More than 40 confidential spreadsheets containing the pre-employment drug test results of hundreds of graduate paramedics were posted on the Ambulance Victoria intranet, according to the Victorian Ambulance Union.

Ambulance Victoria said it would provide wellbeing support to staff whose drug and alcohol test results had been caught up in the privacy breach.Credit: Wayne Taylor

The data included the names of graduates, the dates of their tests, whether their test results were positive or negative and the types of drugs detected in their system.

The union’s secretary, Danny Hill, said the serious privacy breach was accidentally discovered by union officials on Thursday while they were searching for an Ambulance Victoria policy on the staff portal.

“We couldn’t believe what we were looking at,” he said.

“It looks clumsy, incompetent, and it’s going to be hard for people to have faith that their information will be kept confidential.”

Hill said the union would be assisting members with their legal options and a number of distressed paramedics had already been in contact to find out if they were caught up in the breach, which involved test results from May 2017 to October 2018.

Victorian Ambulance Union secretary Danny Hill said a number of paramedics had already been in touch after the privacy breach was discovered.

“Members want to know what their rights are,” he said. “If they have a case we will help them with that.”

Ambulance Victoria employees are routinely tested for alcohol, illicit drugs and medication stored on ambulances such as fentanyl and morphine.

While illicit drugs are banned, Hill said there were legitimate reasons why a test might return a positive result. For instance, someone might test positive for amphetamines if they are on medication for attention deficit hyperactivity disorder.

All graduate paramedics must undergo pre-employment drug and alcohol screenings.

Hill said Ambulance Victoria immediately removed the spreadsheets after the union notified it of the breach.

He said the incident would cause “enormous distress and potential embarrassment” to employees whose private information had been published.
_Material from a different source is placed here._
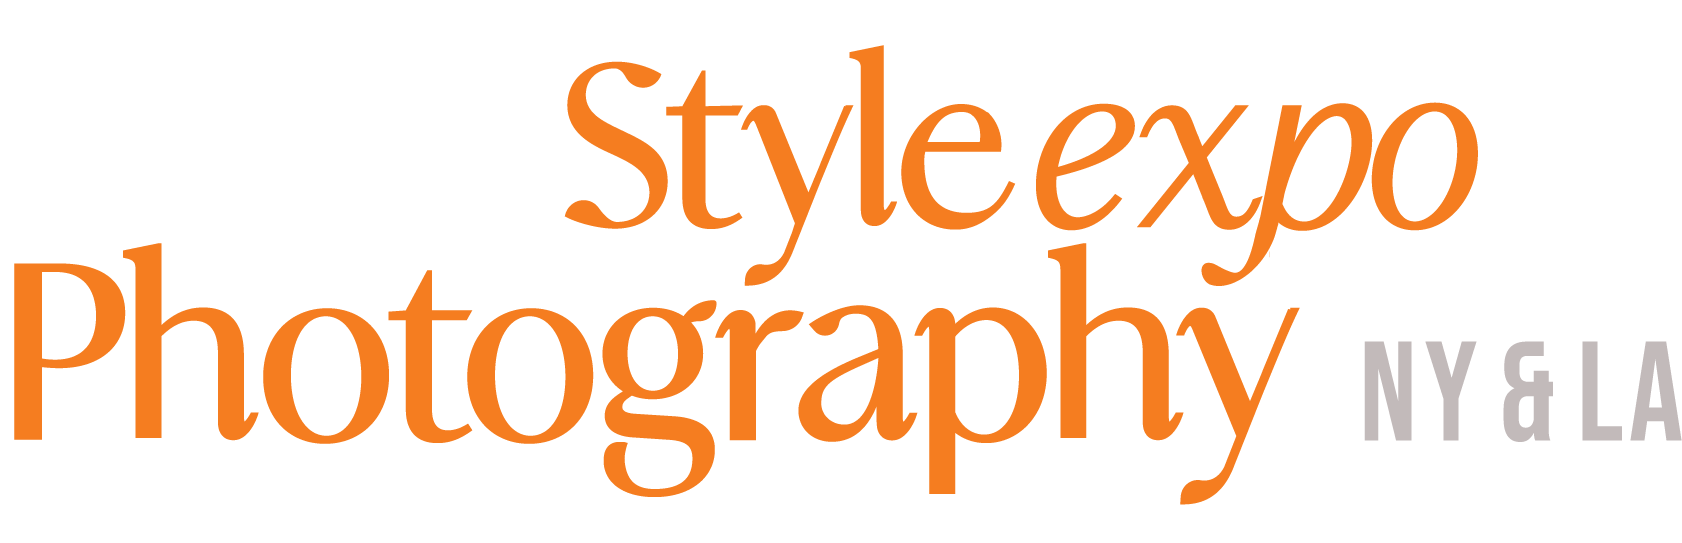  StyleExpo Photography

“They have gone to their employer for a confidential test and it has been sprawled on the intranet,” he said.

He’s also concerned about the impact it will have on employees who have drug and alcohol issues and want to be forthcoming with their employer.
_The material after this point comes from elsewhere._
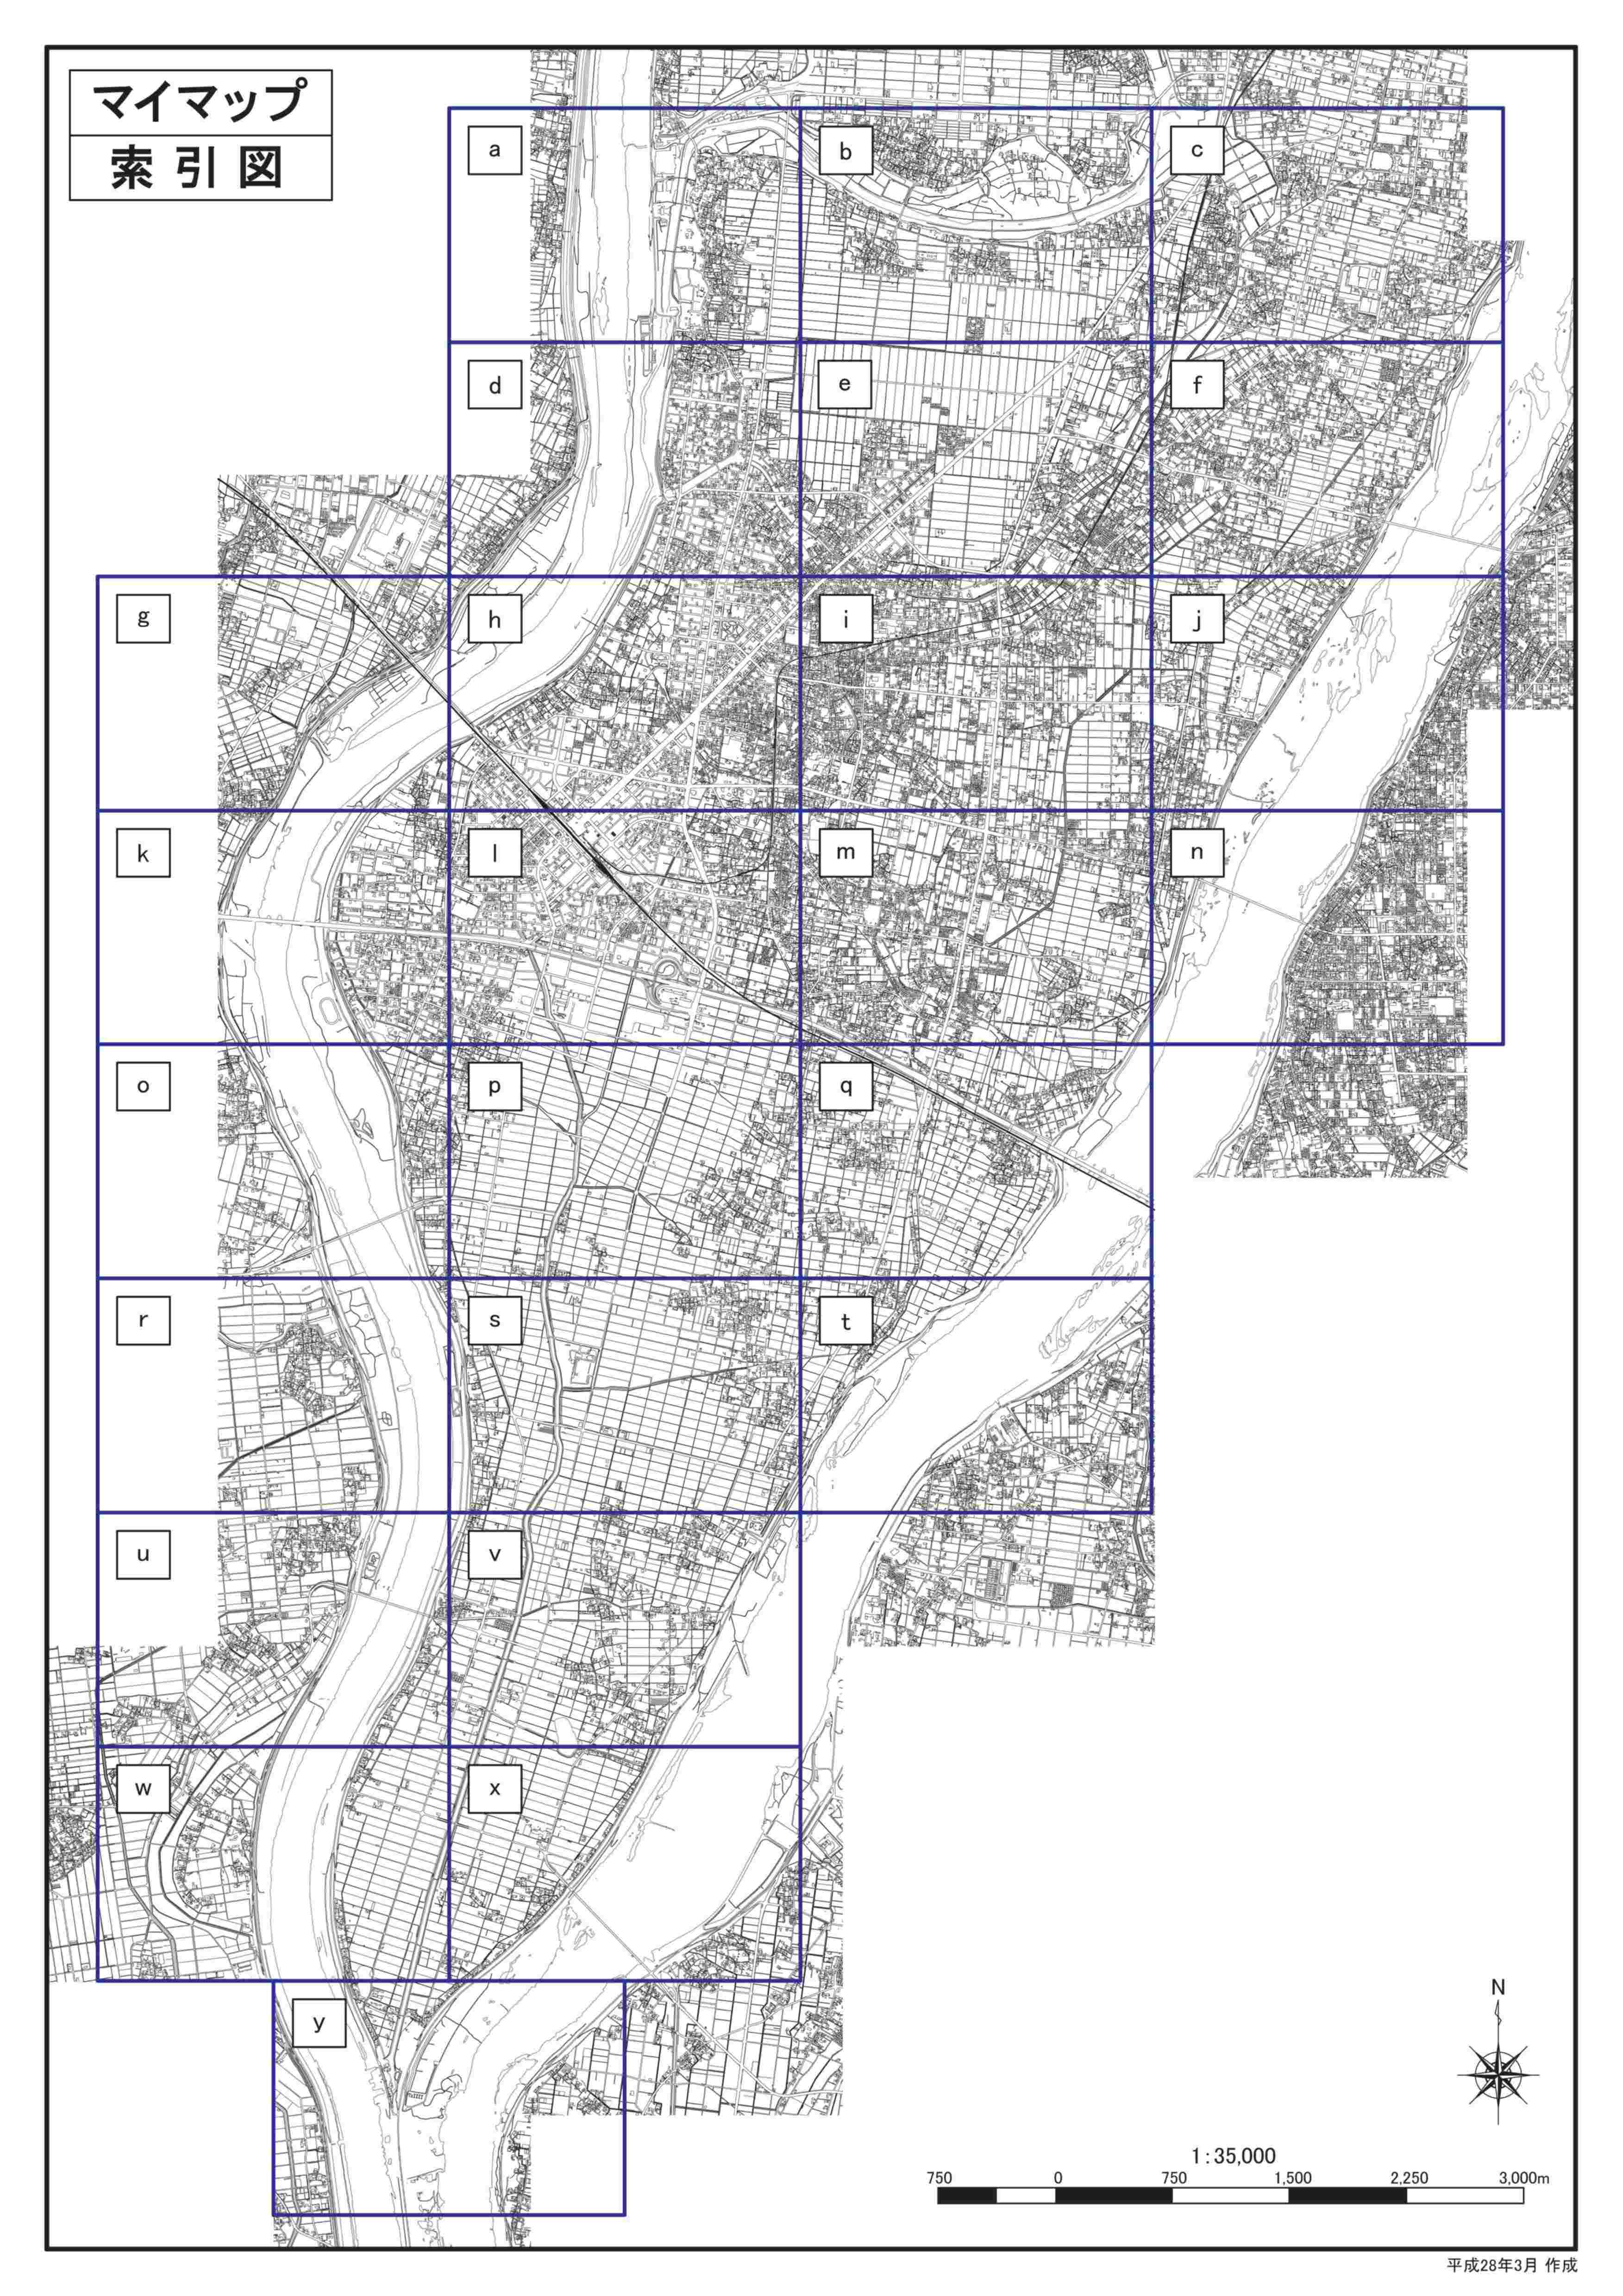 桑原川洪水ハザードマップ計画規模版（詳細図）の画像

The union has requested that Ambulance Victoria inform affected current and past employees of the breach, report the incident to the Office of the Victorian Information Commissioner and pause alcohol and drug screenings until there are no possibilities of further data leaks.
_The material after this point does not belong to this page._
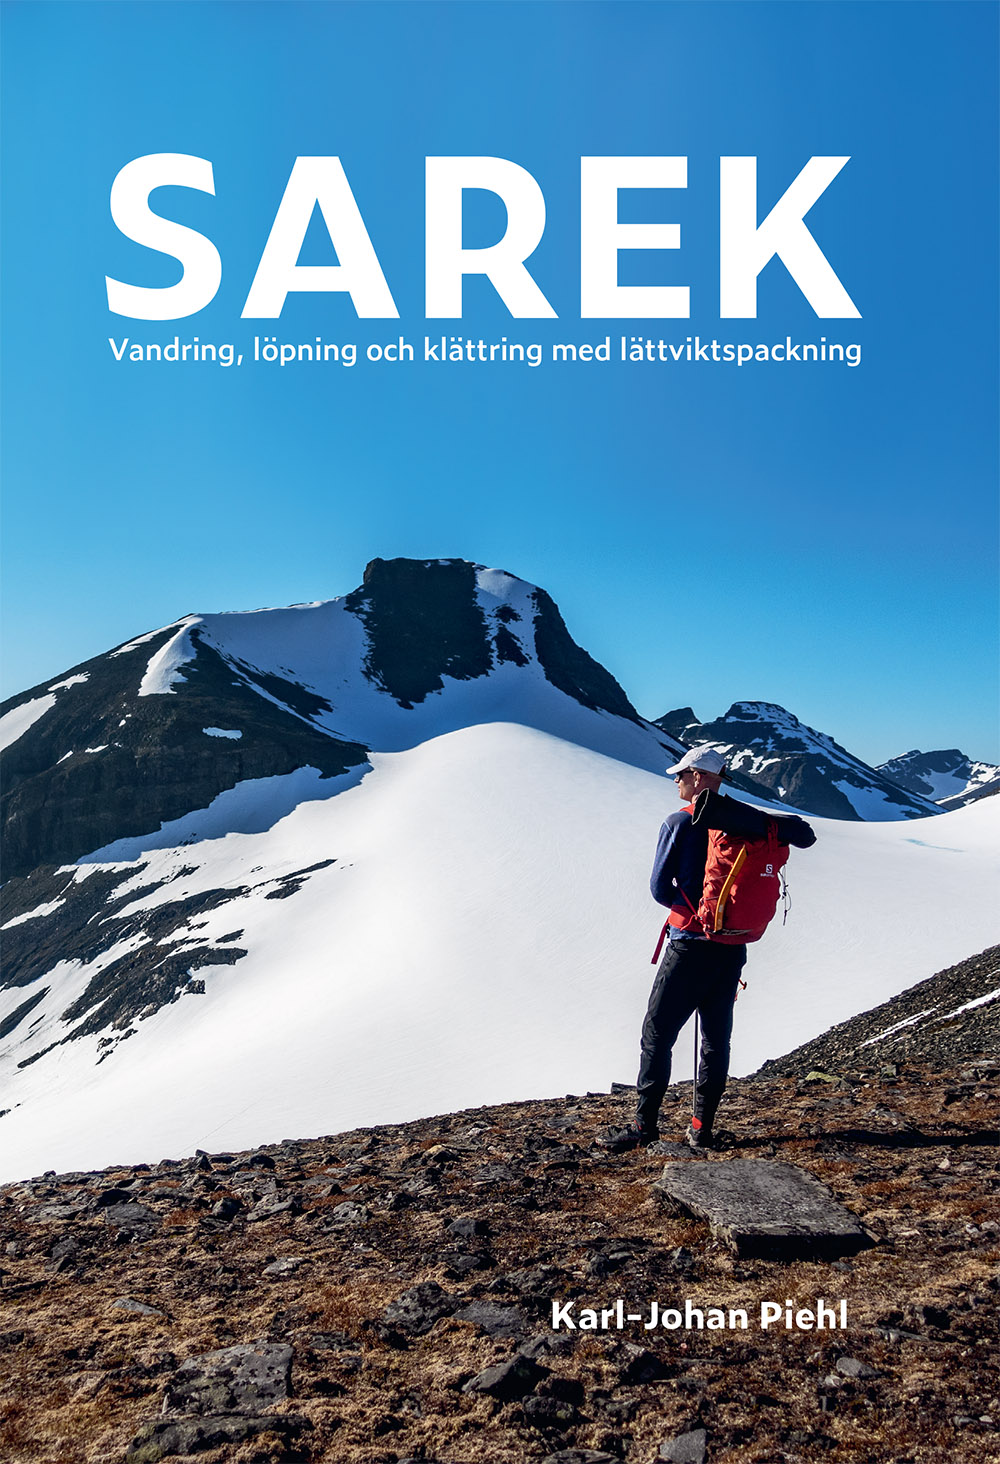 Sarek: Vandring, löpning och klättring med lättviktspackning

An Ambulance Victoria spokeswoman said the organisation had removed the documents and undertaken an audit to determine who had accessed them.

“The documents were not directly accessible to anyone outside of the organisation,” she said.

“We take privacy very seriously and acknowledge the distress that this may cause. Those affected are being notified and will be provided wellbeing support.”

The Office of the Victorian Information Commissioner was contacted for comment.